> [Supplied material]:
# # # # #

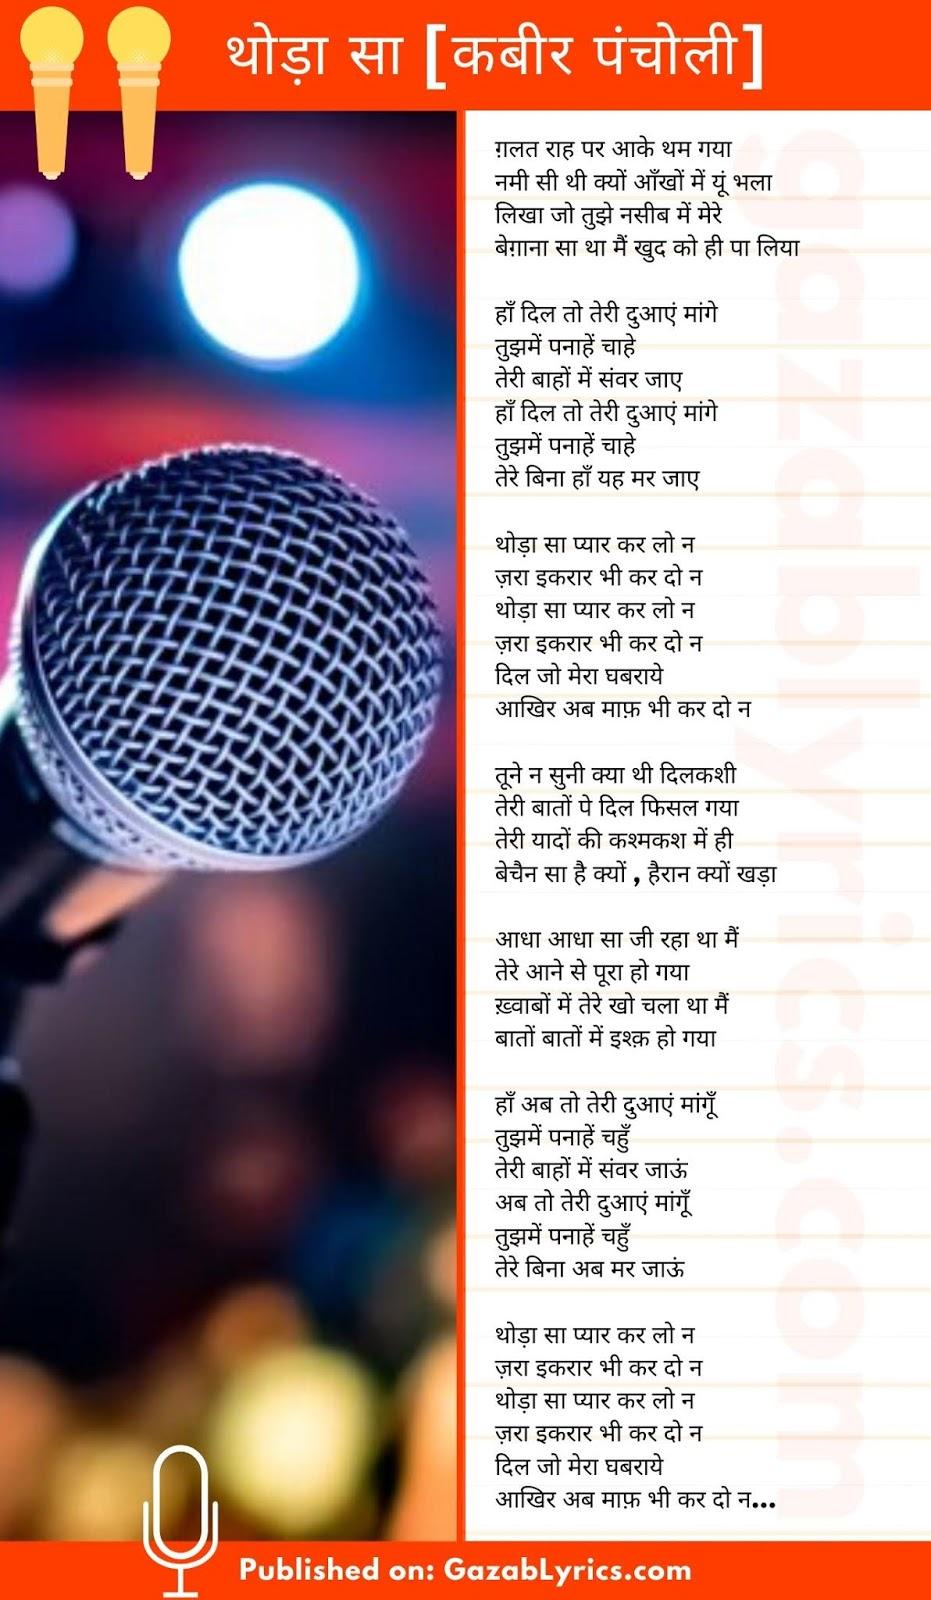 Thoda Sa song lyrics image
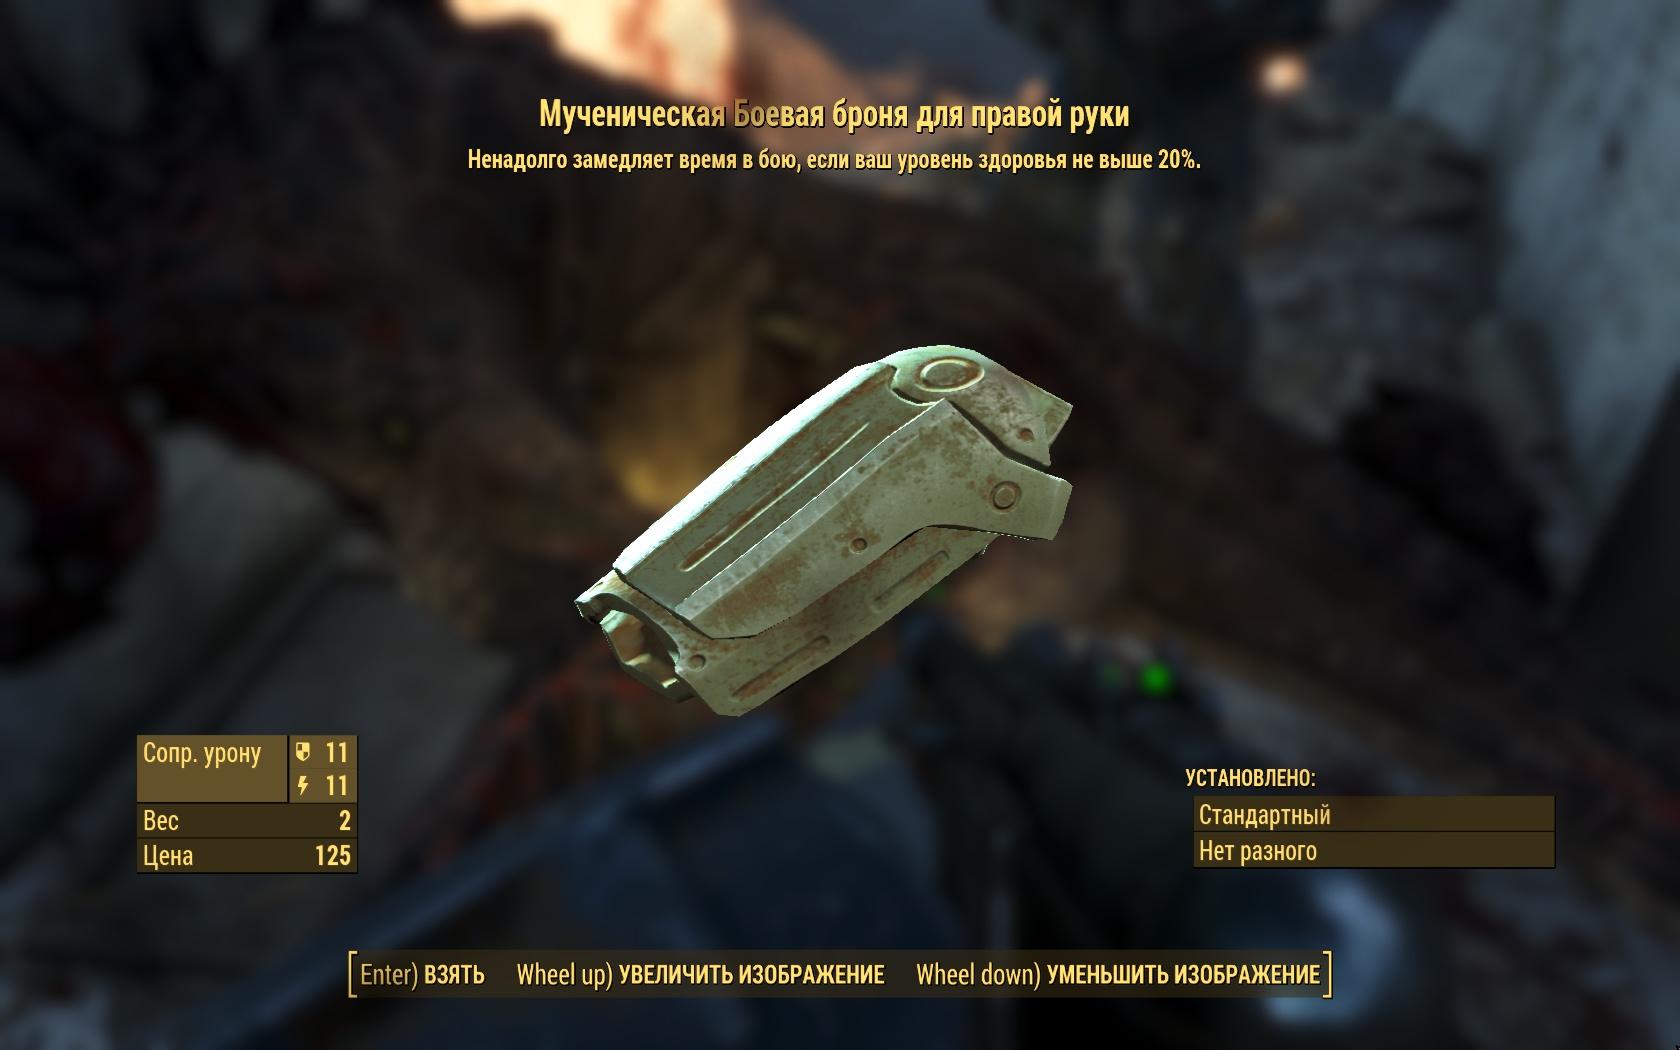 Мученическая боевая броня для правой руки - Fallout 4 броня, Мученическая, Одежда
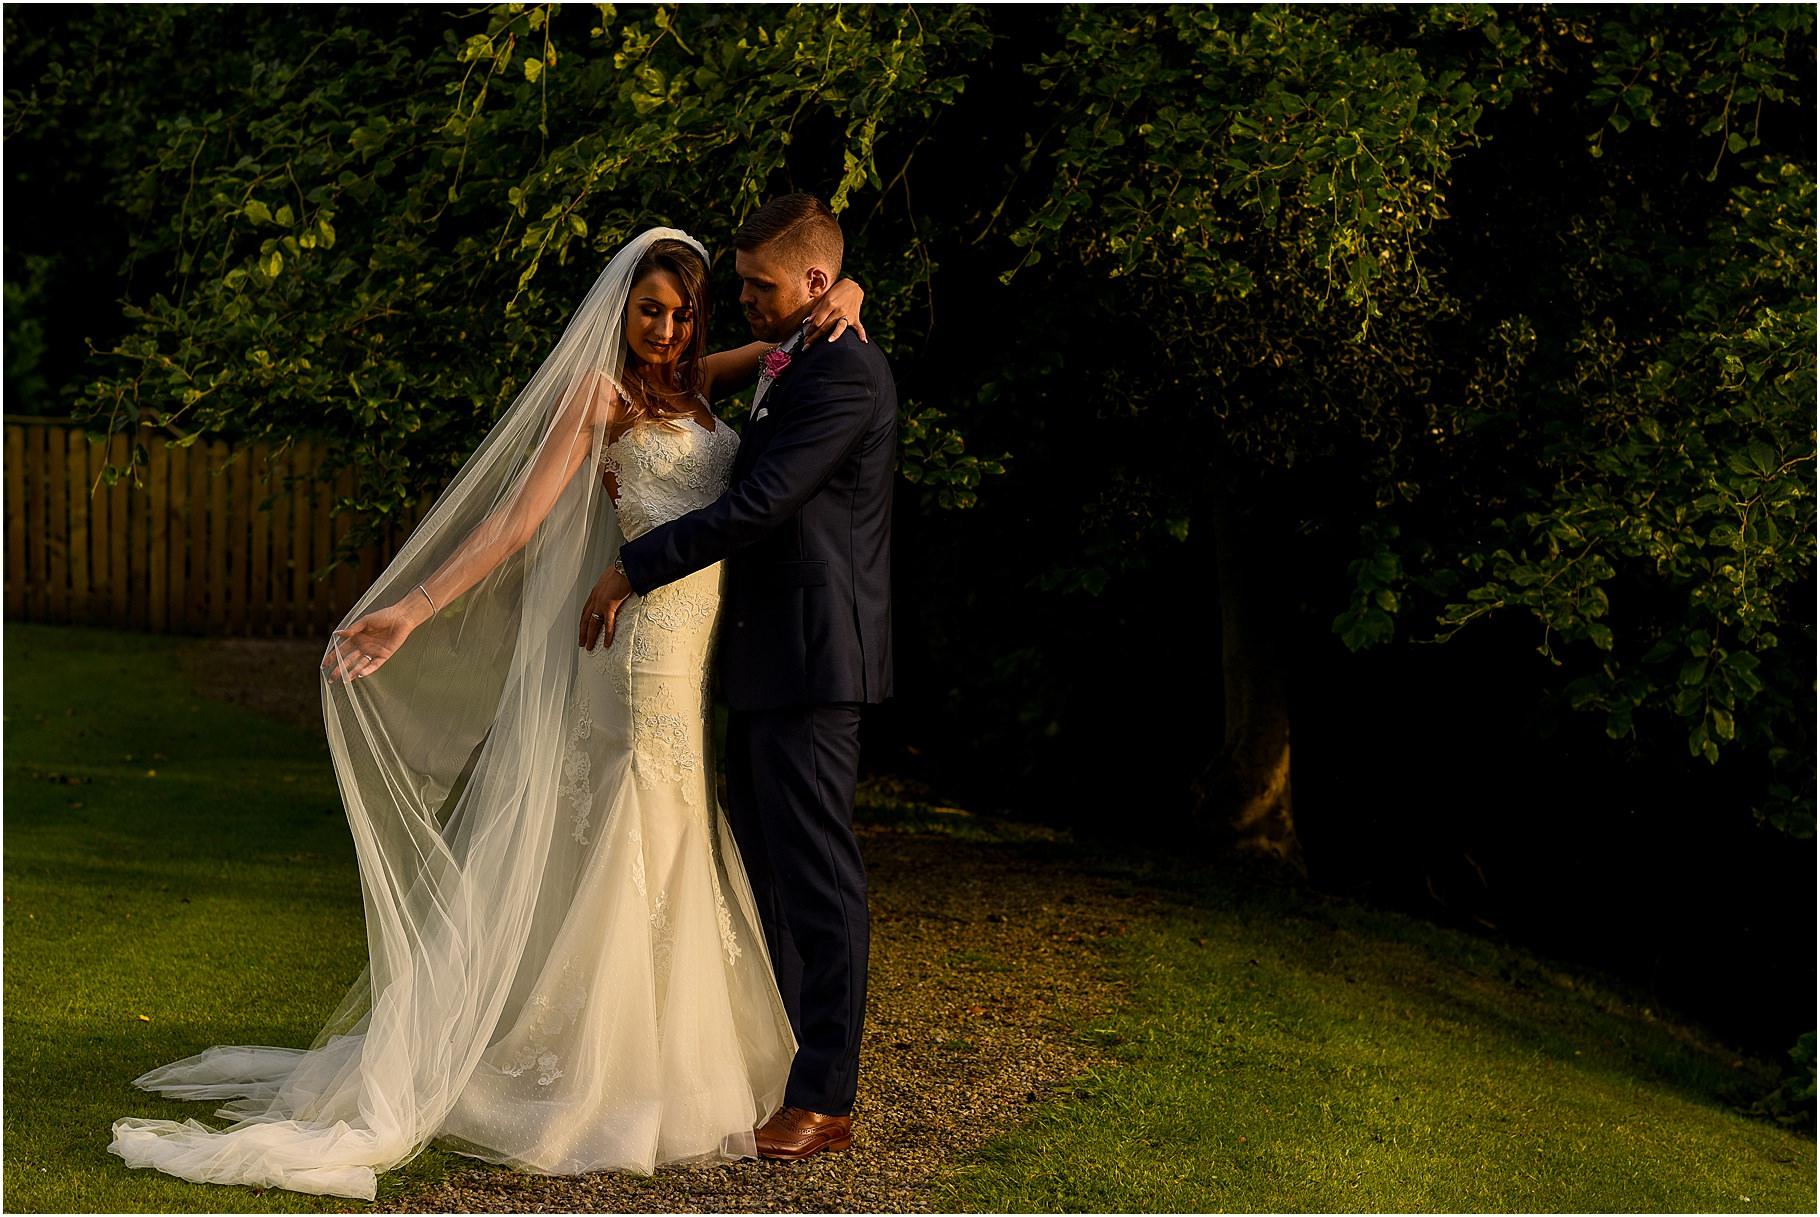 mitton-hall-wedding-095.jpg
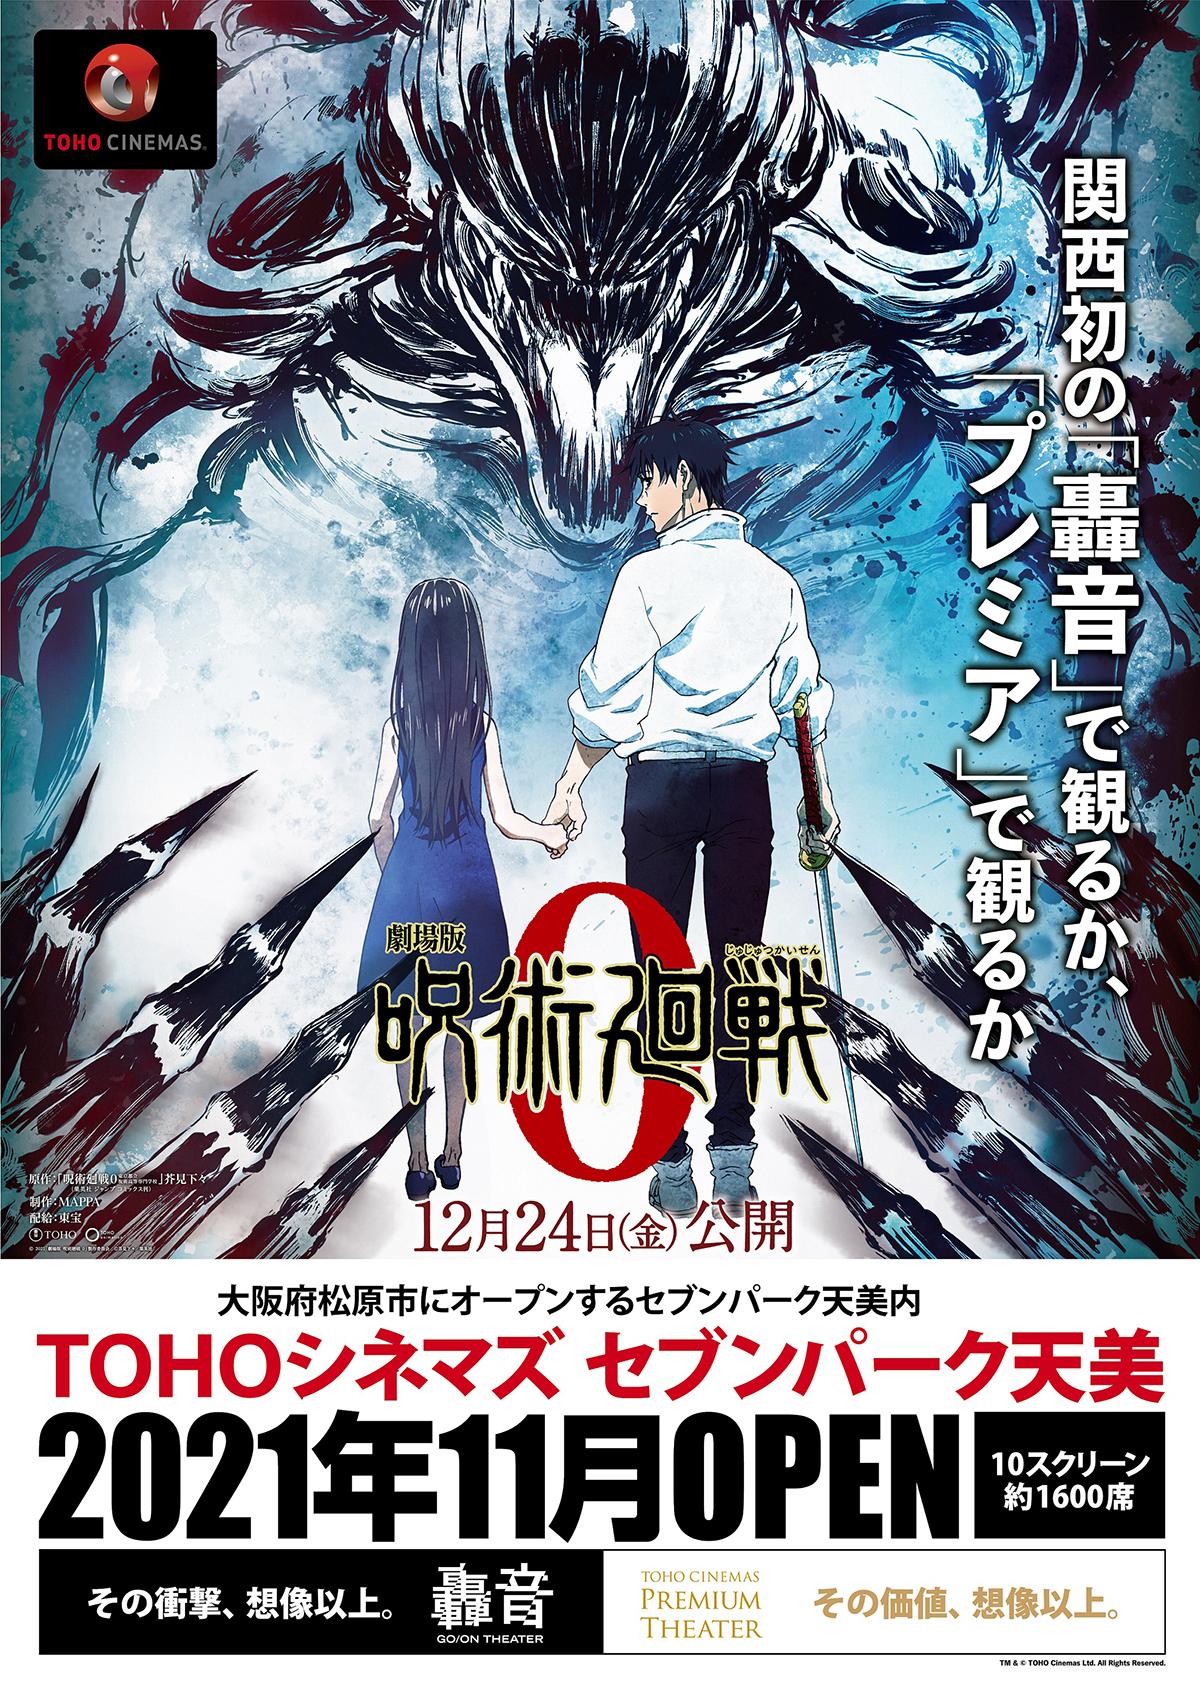 「劇場版 呪術廻戦 0 」とTOHOシネマズセブンパーク天美のコラボレーション・オ ープニングポスター

# # # # #

> [Your task]: Print only the lines running from the one containing "Мученическая боевая броня" to the end of the data above, exactly; include no pictures.

> [Response]:
 Мученическая боевая броня для правой руки - Fallout 4 броня, Мученическая, Одежда
 mitton-hall-wedding-095.jpg
 「劇場版 呪術廻戦 0 」とTOHOシネマズセブンパーク天美のコラボレーション・オ ープニングポスター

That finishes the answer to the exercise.